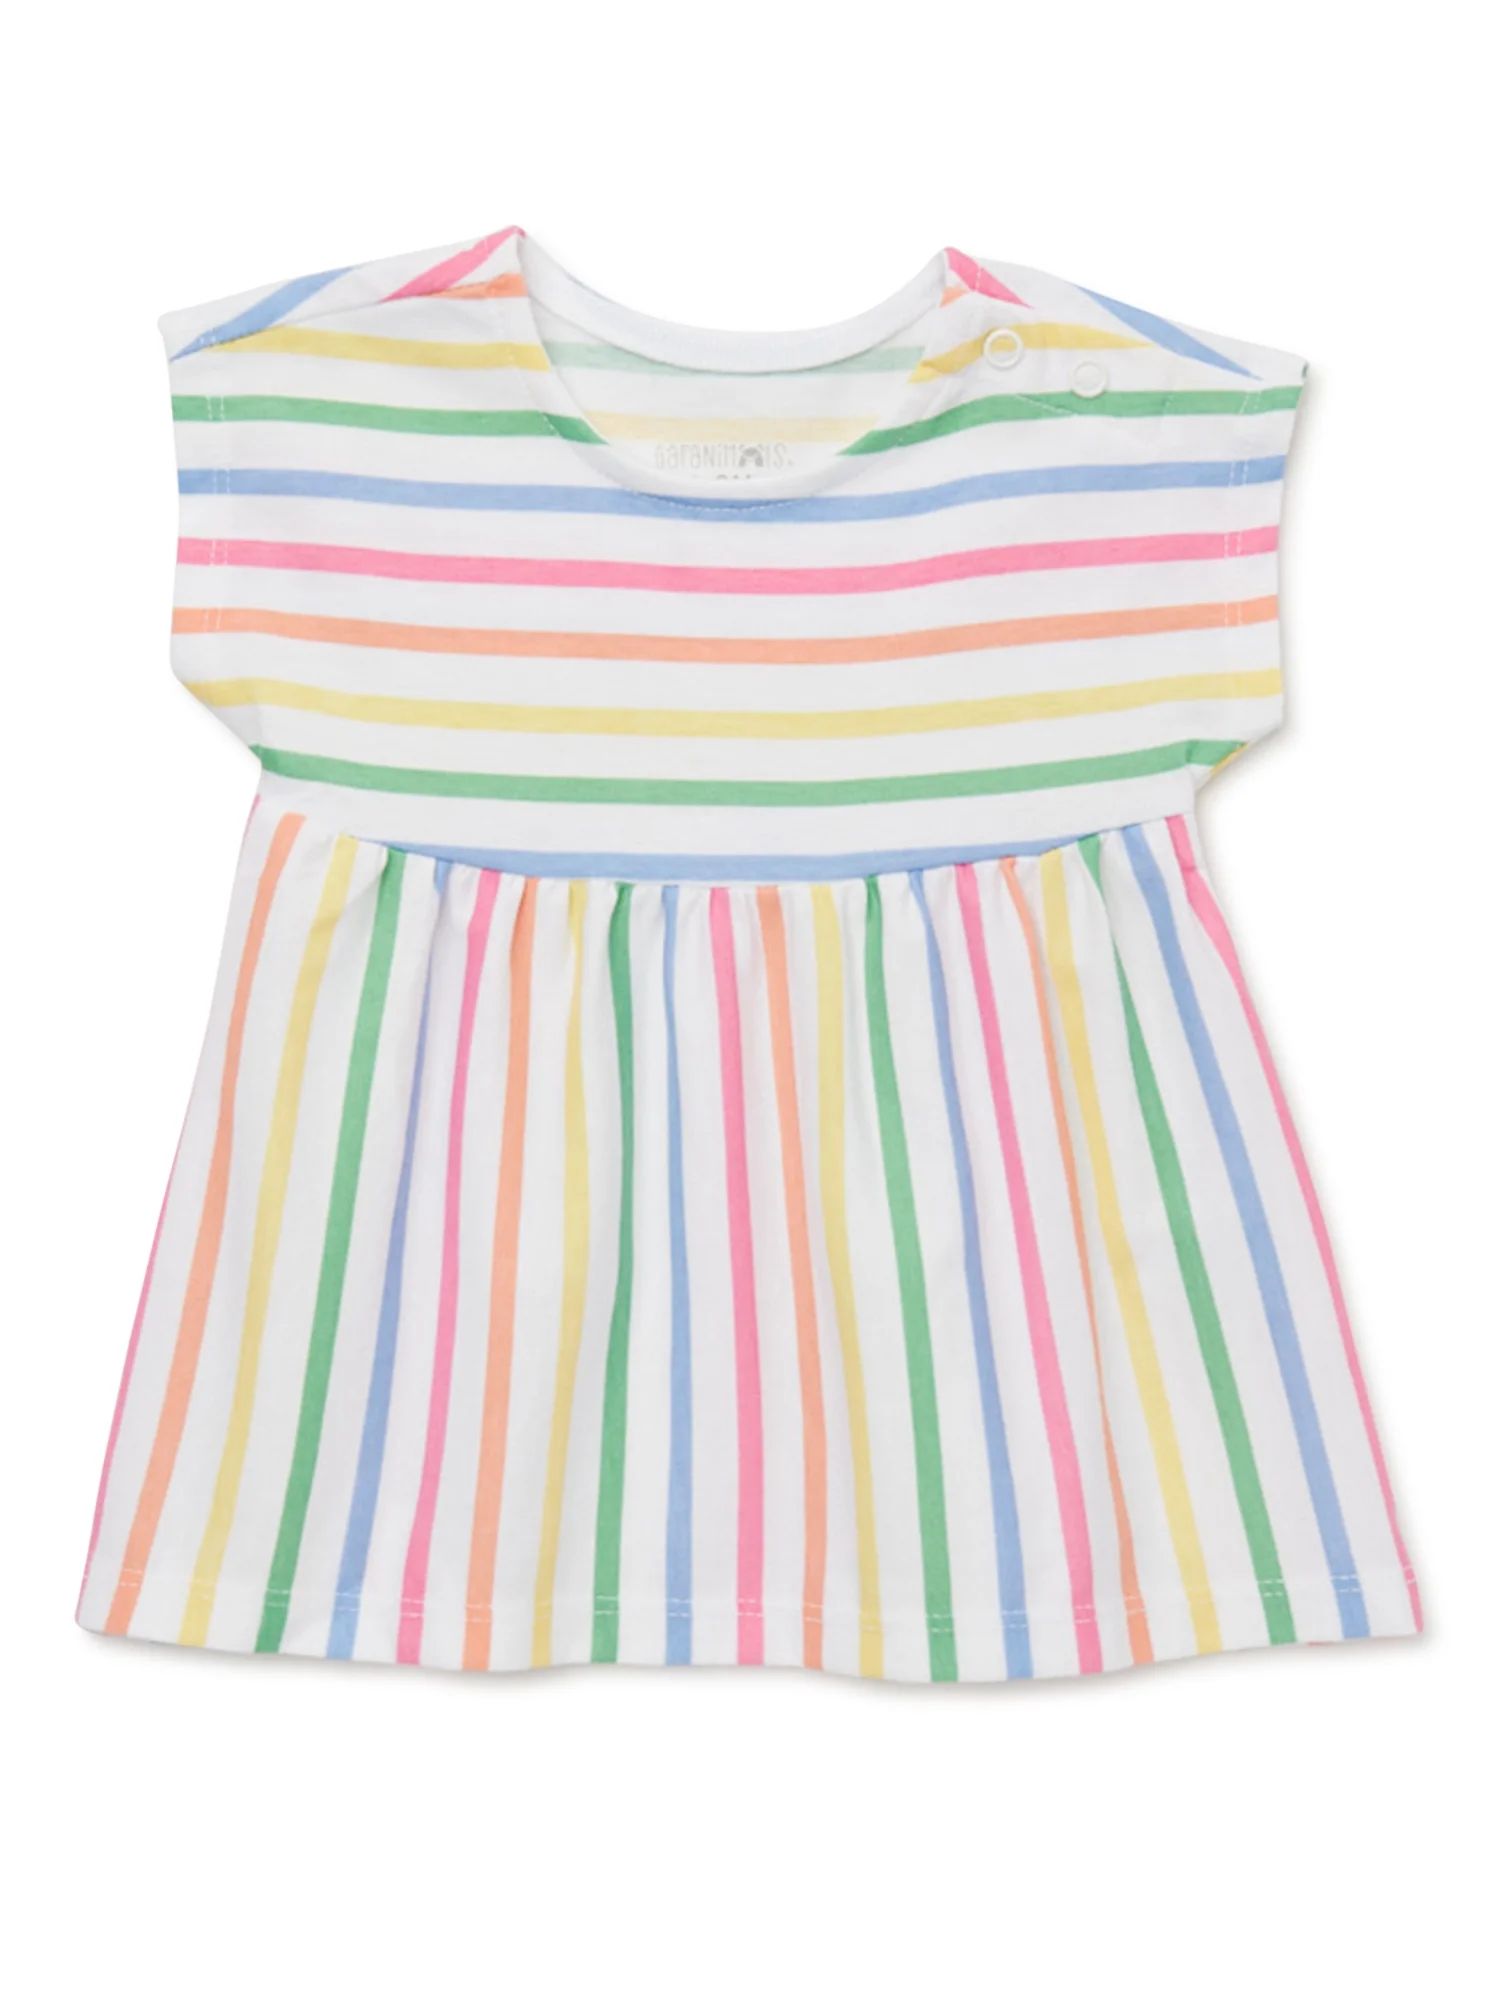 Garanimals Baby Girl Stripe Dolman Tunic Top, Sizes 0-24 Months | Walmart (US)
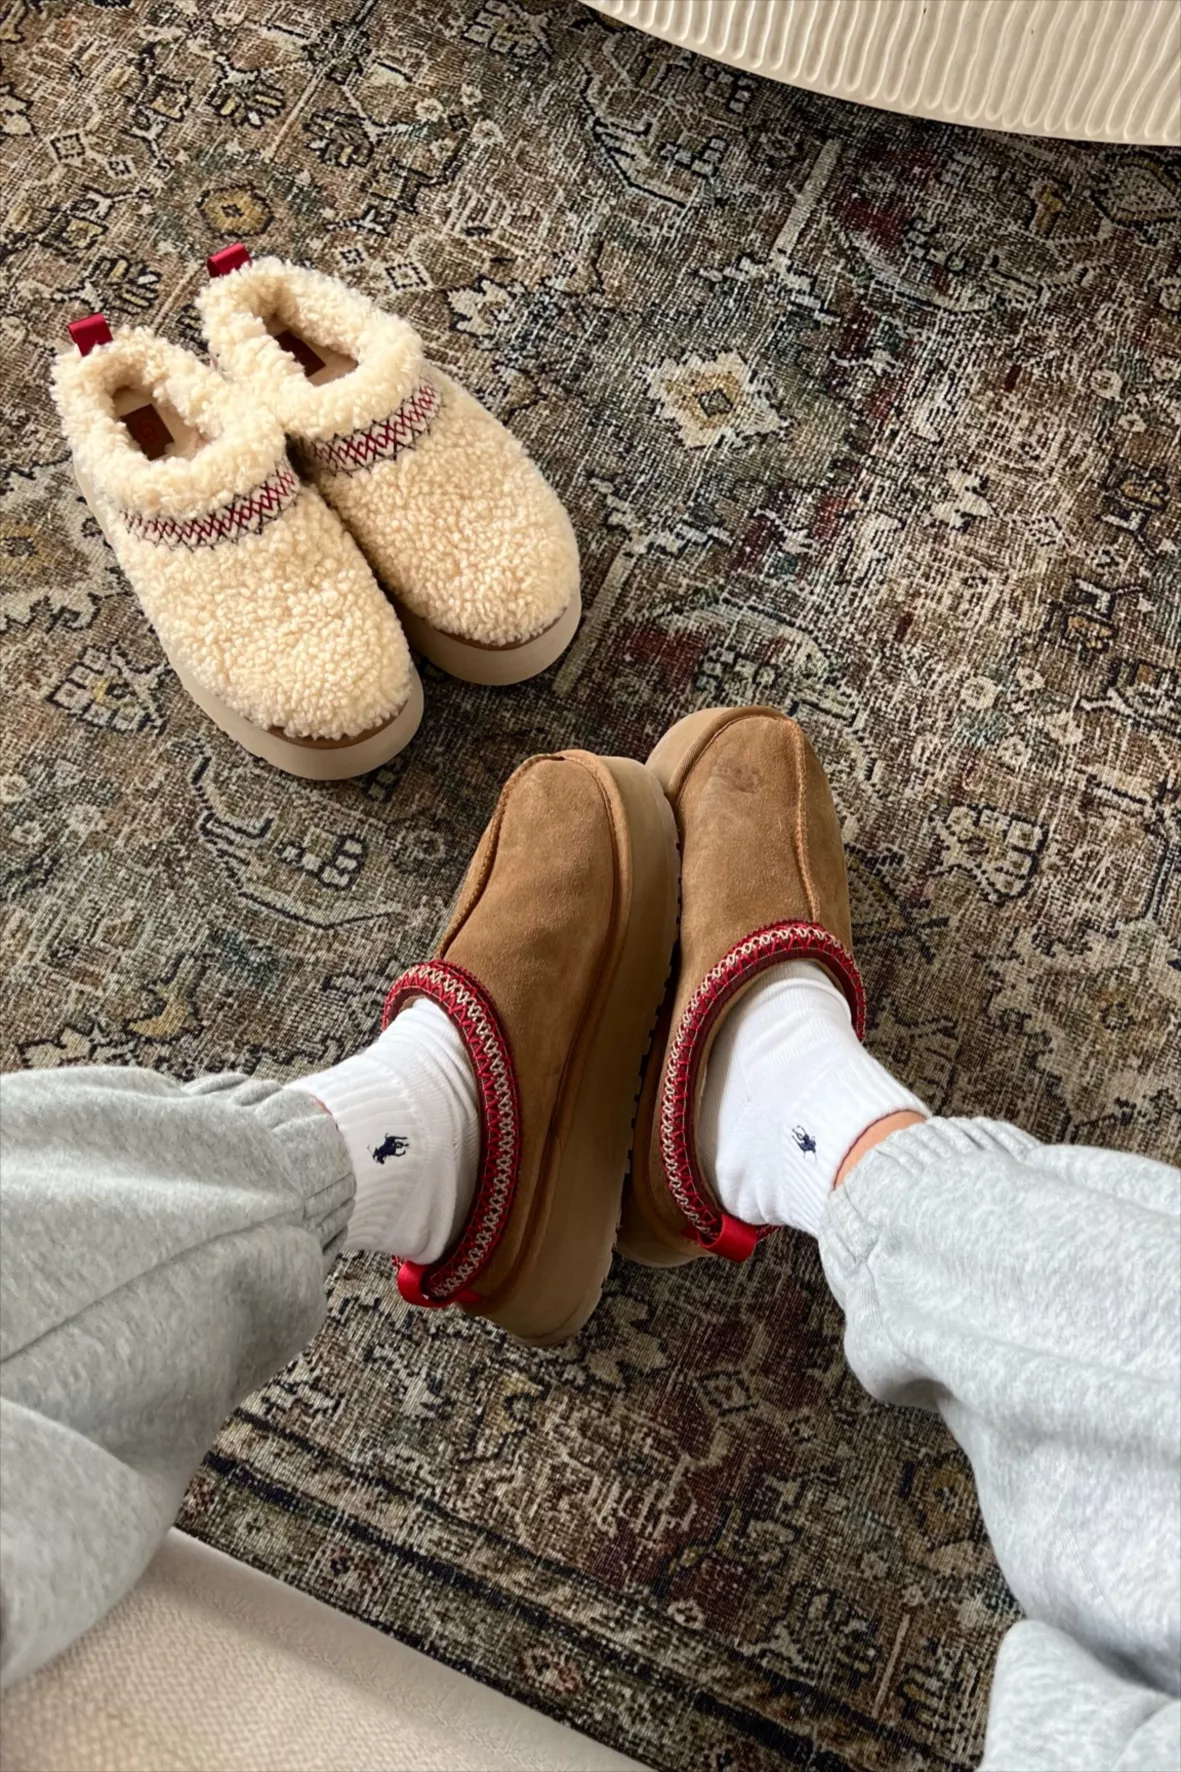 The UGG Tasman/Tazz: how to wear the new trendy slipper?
--
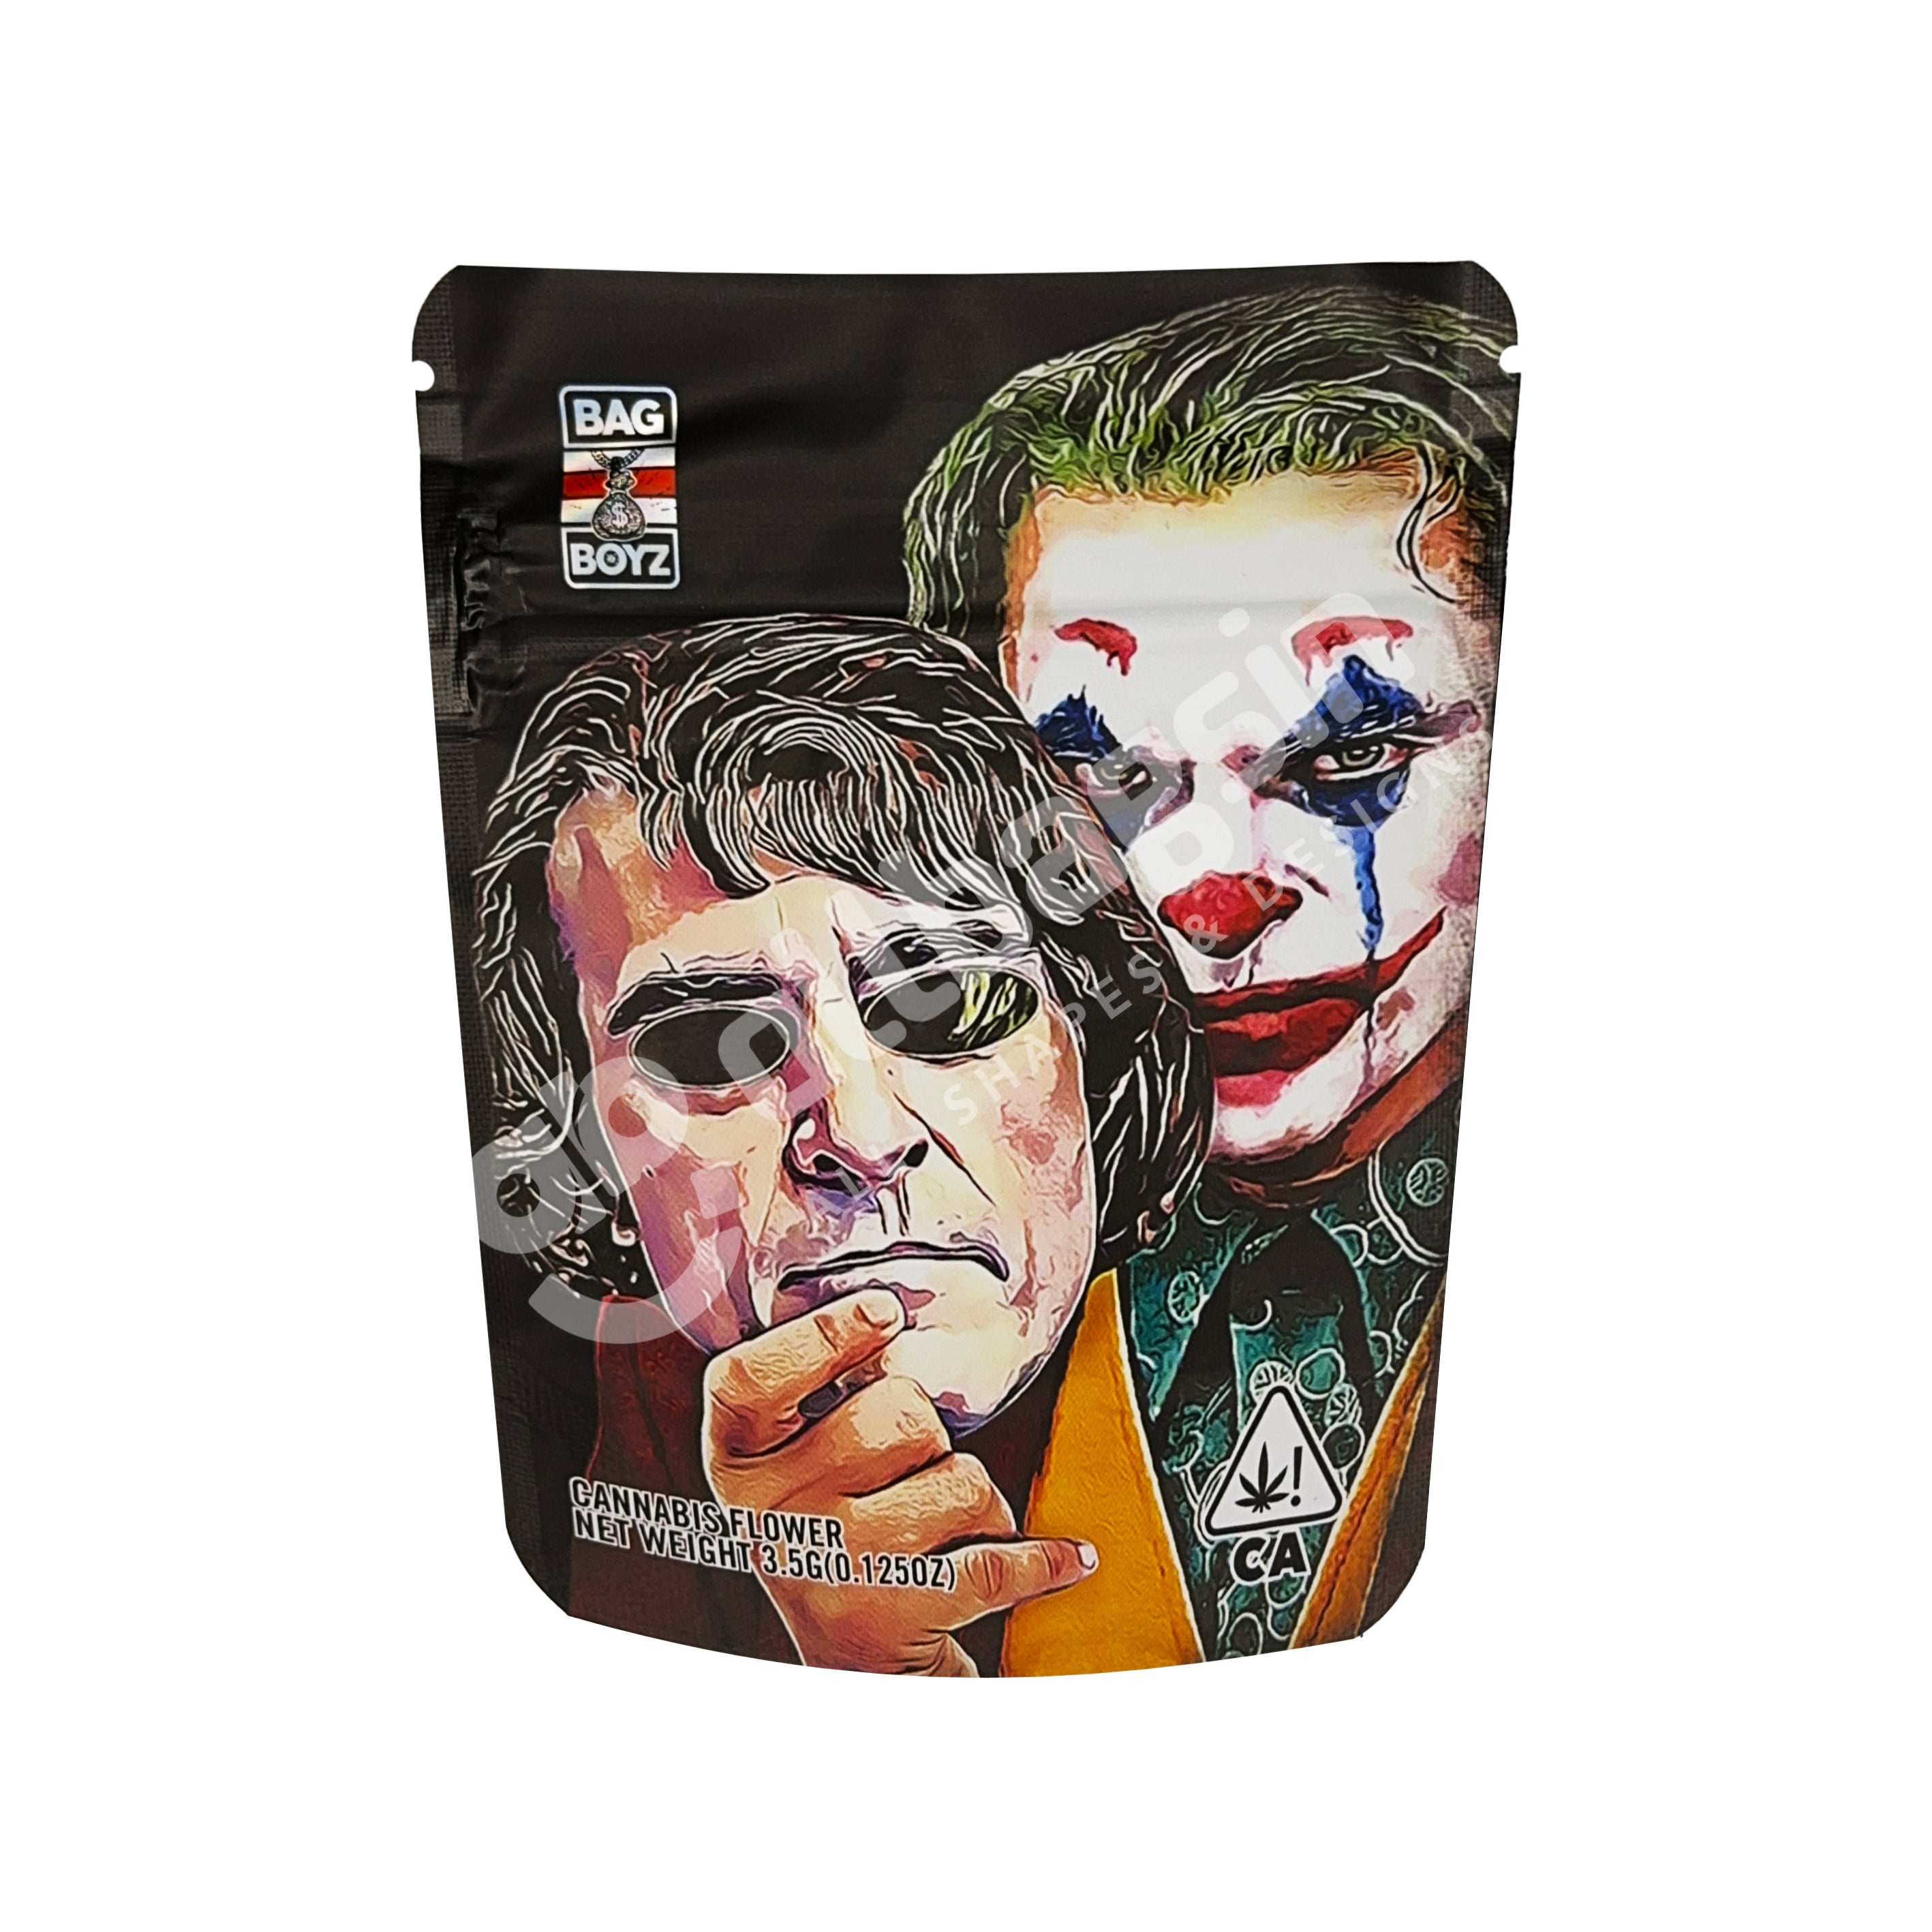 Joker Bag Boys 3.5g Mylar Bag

__EXERCISE OBJECTIVE__.
With the pictures omitted, copy the entries above exactly from the line containing "Garanimals Baby Girl" through the line containing "The UGG Tasman/Tazz: how", both lines included.

__EXERCISE RESPONSE__.
 Garanimals Baby Girl Stripe Dolman Tunic Top, Sizes 0-24 Months | Walmart (US)
 The UGG Tasman/Tazz: how to wear the new trendy slipper?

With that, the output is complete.